PQC Prototyping as a Cybersecurity Cornerstone
Since the National Institute of Standards and Technology (NIST) approved four cipher suites in July 2022, post-quantum cryptography (PQC) has become increasingly relevant in tackling a looming threat that is gradually becoming more immediate. Despite the absence of any verified or recurring quantum computing attacks on conventionally encrypted data, there is still cause for proactive measures. Though quantum computing is not yet a threat to cryptographic standards, the data encrypted using traditional methods today potentially could be gathered now with the intention of decrypting it in the future in “harvest now, decrypt later” attacks.
For these threats, PQC presents itself as the primary defense against the looming threat of quantum computing. Almost half (48%) of respondents have not recognized PQC as the cornerstone of future cryptographic strategies. Consequently, many companies aren’t investing in PQC because it seems years away from tangible adoption, but the reality is, data is presently being harvested.
Businesses can future-proof their technology by making the proper investments. Soon, customers will be looking for products built only with PQC to thwart sophisticated cyberattacks or elevate their cybersecurity efforts otherwise. While we still may be a few years out from quantum, the organizations that will be ready when that innovation comes are preparing now.
Adding Security to Secrets Management
Given the adoption of new technologies, the need for security to be integrated seamlessly into digital products and/or services has never been higher. Specifically, when assessing cloud and DevOps environments, secrets management was the greatest security concern for 56% of DTR respondents, followed by workforce identity and access management (IAM) and authorization.
For developers, these three challenges are closely related, as they all require tasks for both privileged users and the workload lifecycle that they manage. However, the common difficulty with secrets is that they are designed as “bearer tokens,” granting access to whoever possesses said token, password, API (application programming interfaces) key, encryption key, or any other credential. When secrets are “lost” — for instance, included in code as plain, readable text — hackers won’t need to impersonate internal users to gain access. Thus, the consequences are severe.

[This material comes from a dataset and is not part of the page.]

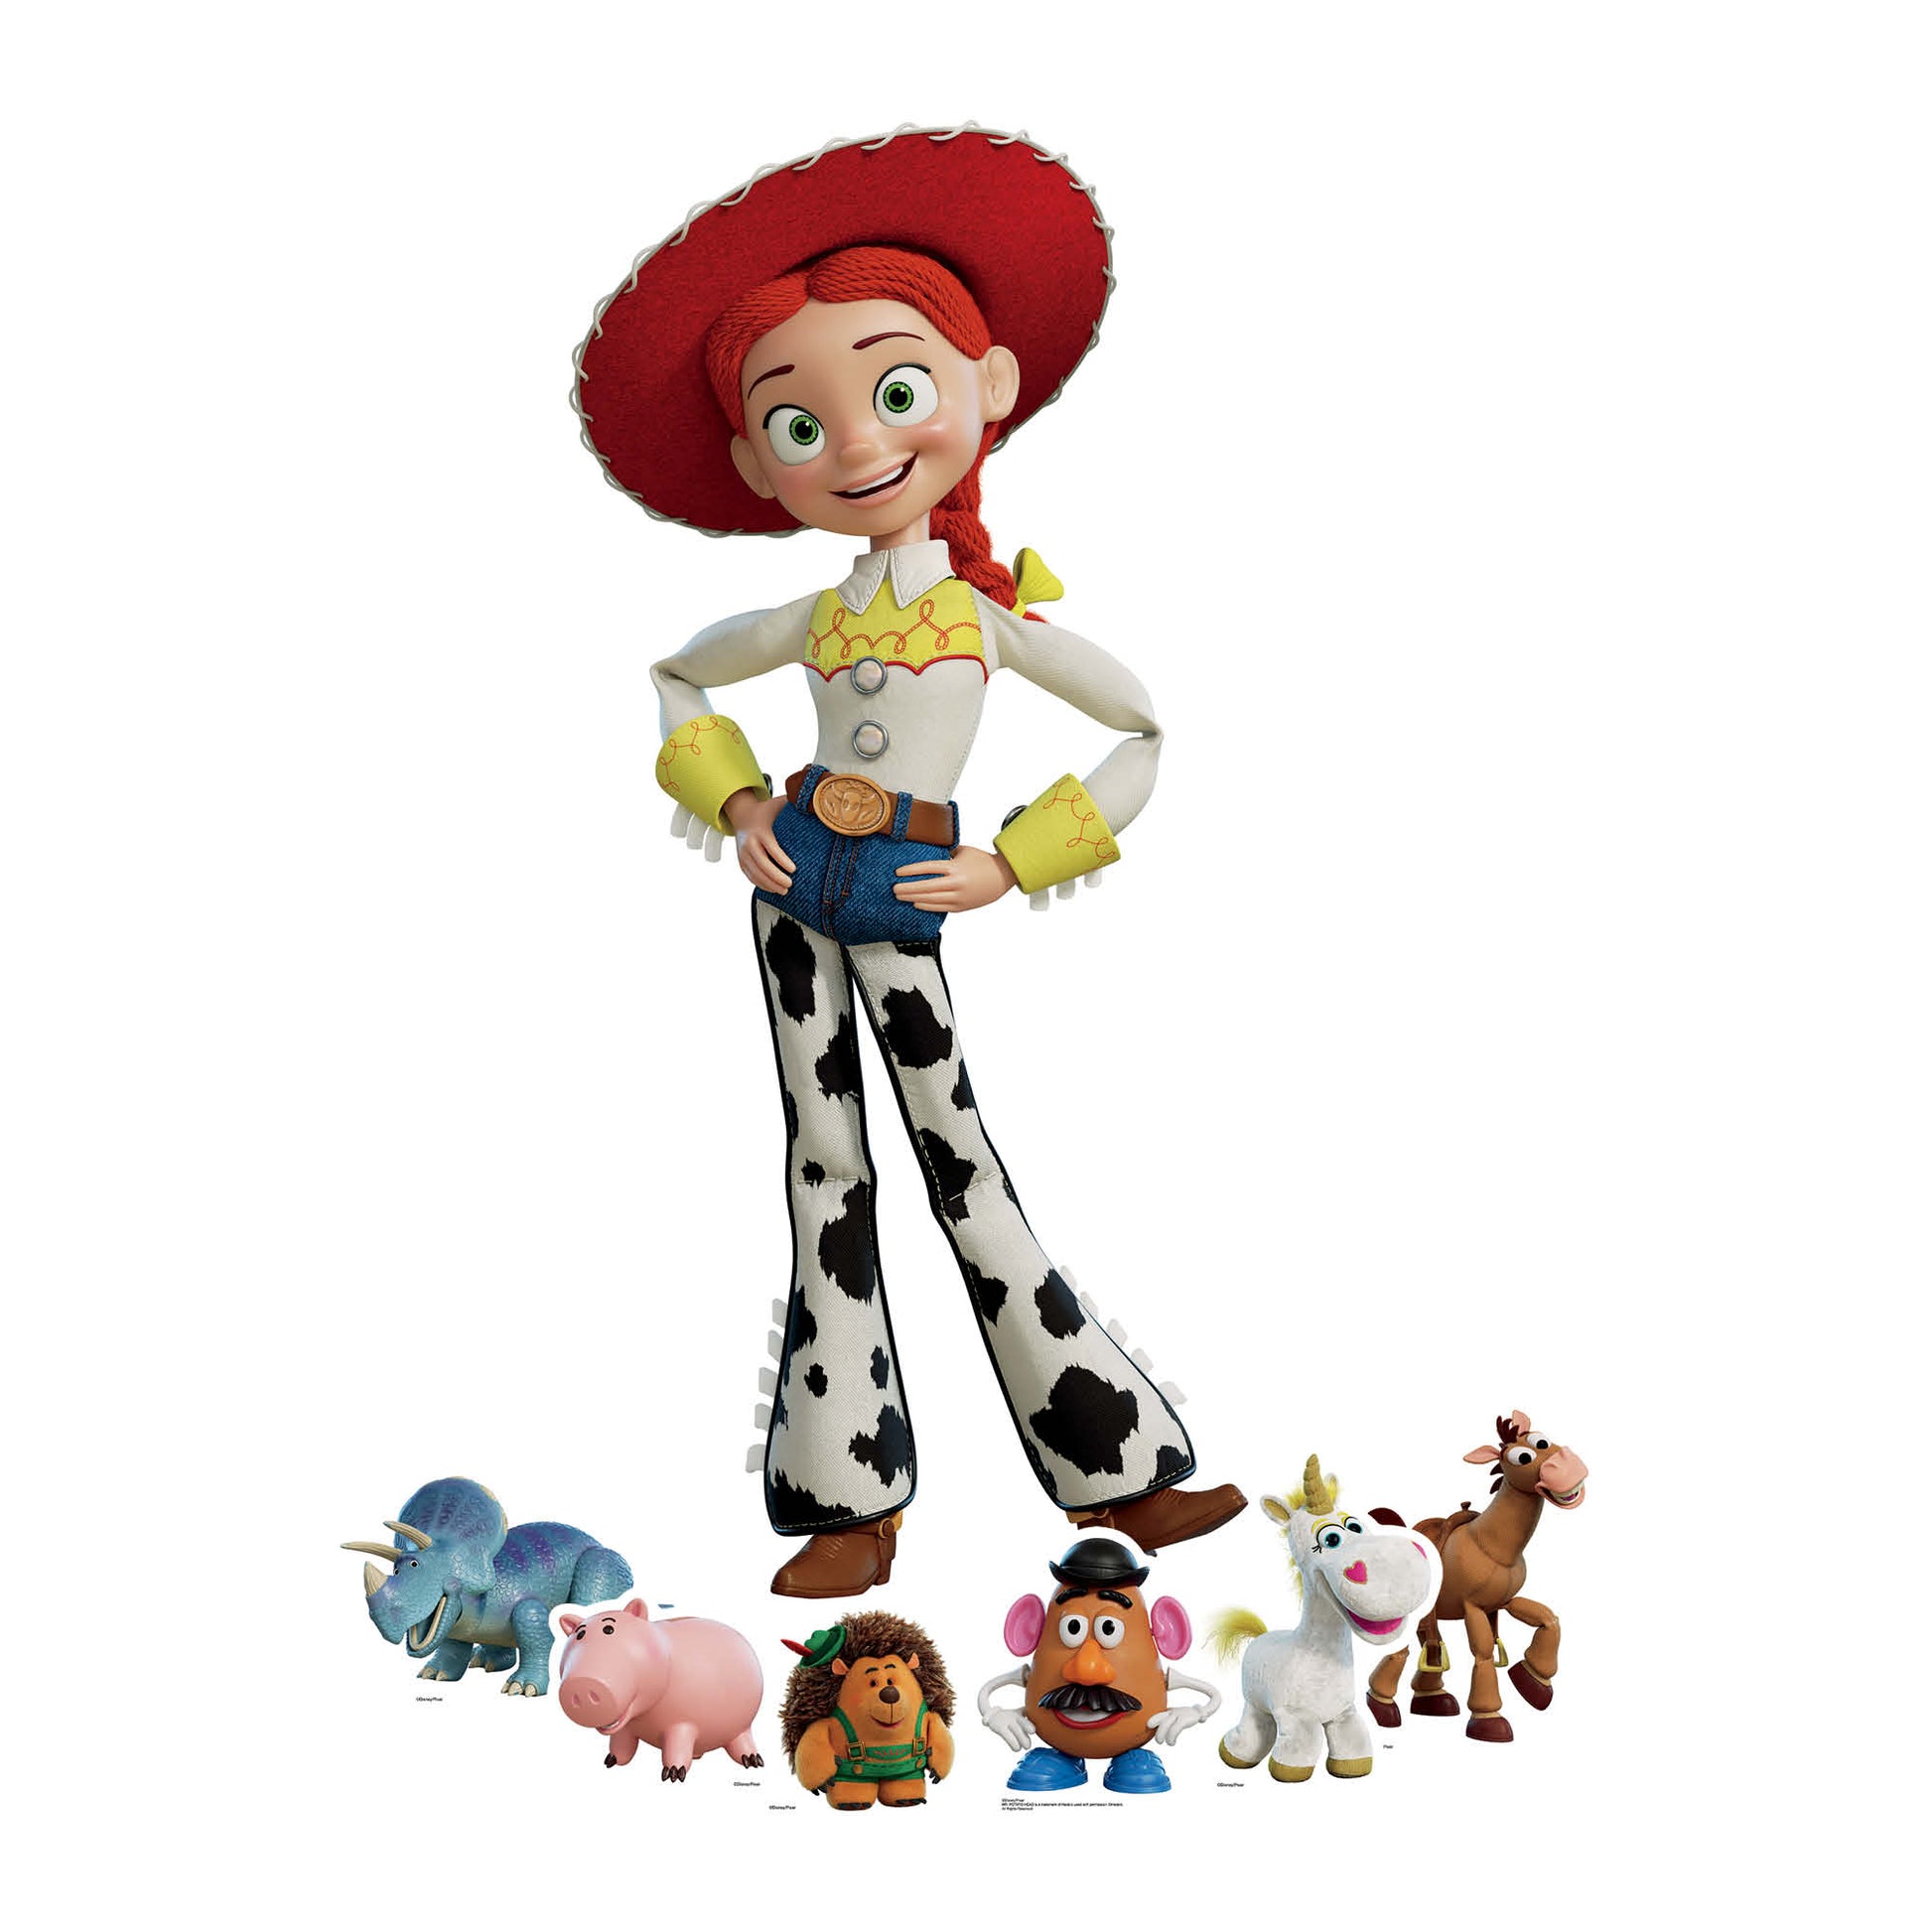 Beautiful Jessie Toy Story Cardboard Cutout Party Decorations
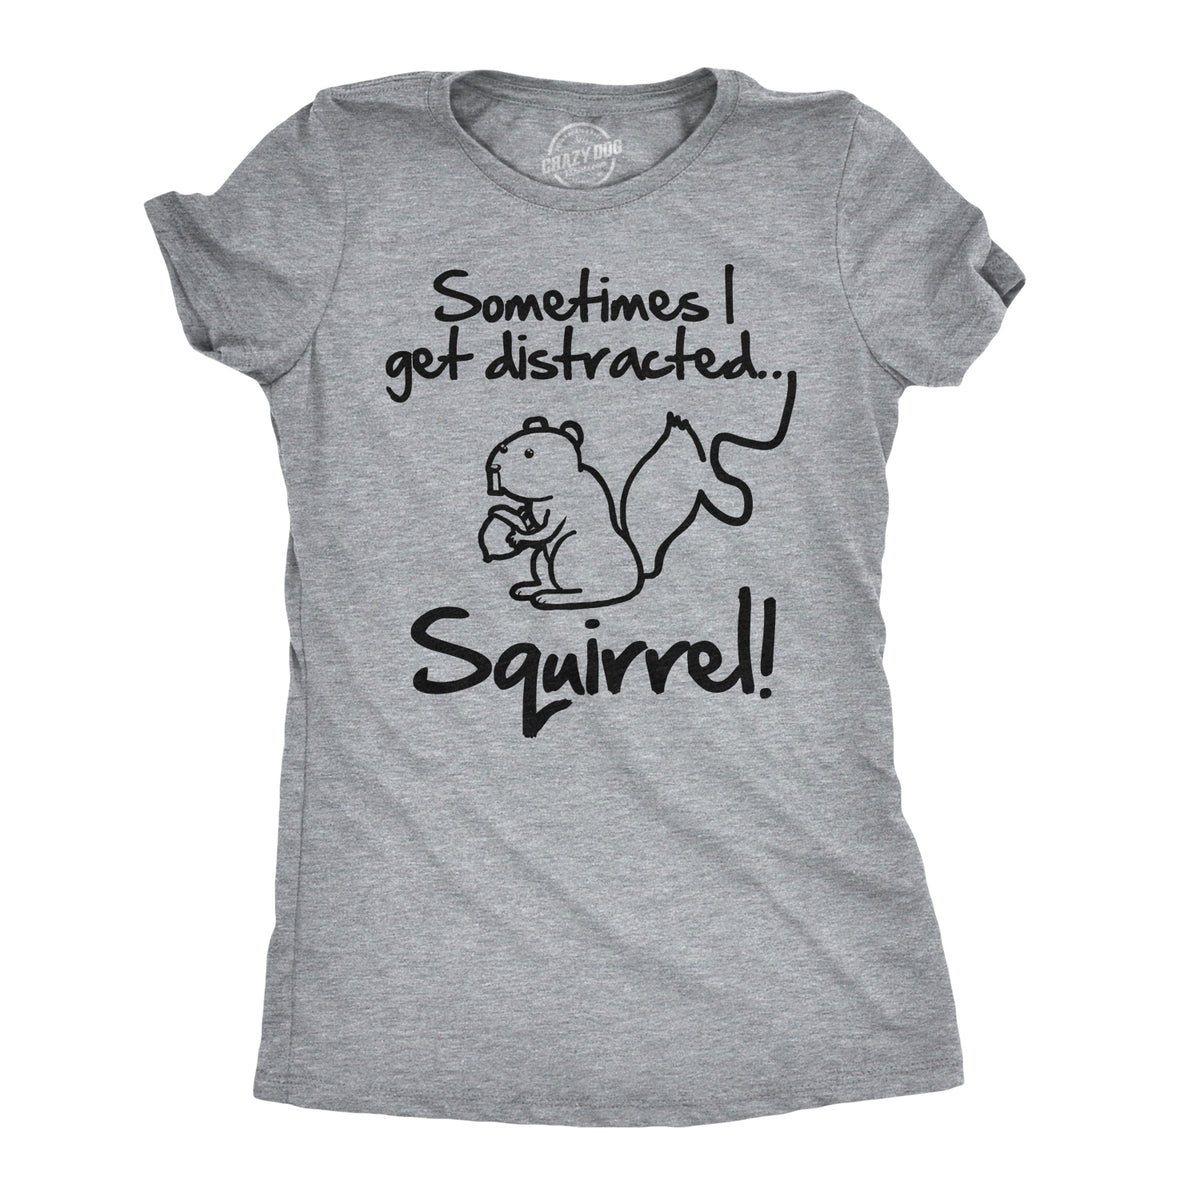 Funny Light Heather Grey - Distracted Sometimes I Get Distracted Womens T Shirt Nerdy Animal Tee

Adopting a data-centric security architecture is key to improving security across these environments. Organizations can mature their DevSecOps practices by leveraging new frameworks such as the NIST “Guide to Operational Technology (OT) Security” standards to improve the quality and resilience of overall engineering performance. Security champions are also crucial to the development team and should provide clear, practical security guidance to better manage privileges and store secrets.
Meeting Old and New Threats With Upgraded Security Tricks
The pace of technological development is astounding, with innovation emerging rapidly through recent years. While enthusiasm to adopt the latest technology is understandable, this excitement can’t overshadow critical security considerations. Despite the variety of new threats that invariably accompany modern technology, many of the mistakes being encountered are recurring issues.
It is imperative to develop robust policies for new tech and future-proofing by favoring investments in security. Trusting device security out of the box is no longer viable; evaluation and strong security practices should precede adoption. The industry can and should continue to embrace innovation, but with the understanding to remain vigilant against evolving vulnerabilities by demonstrating security as priority.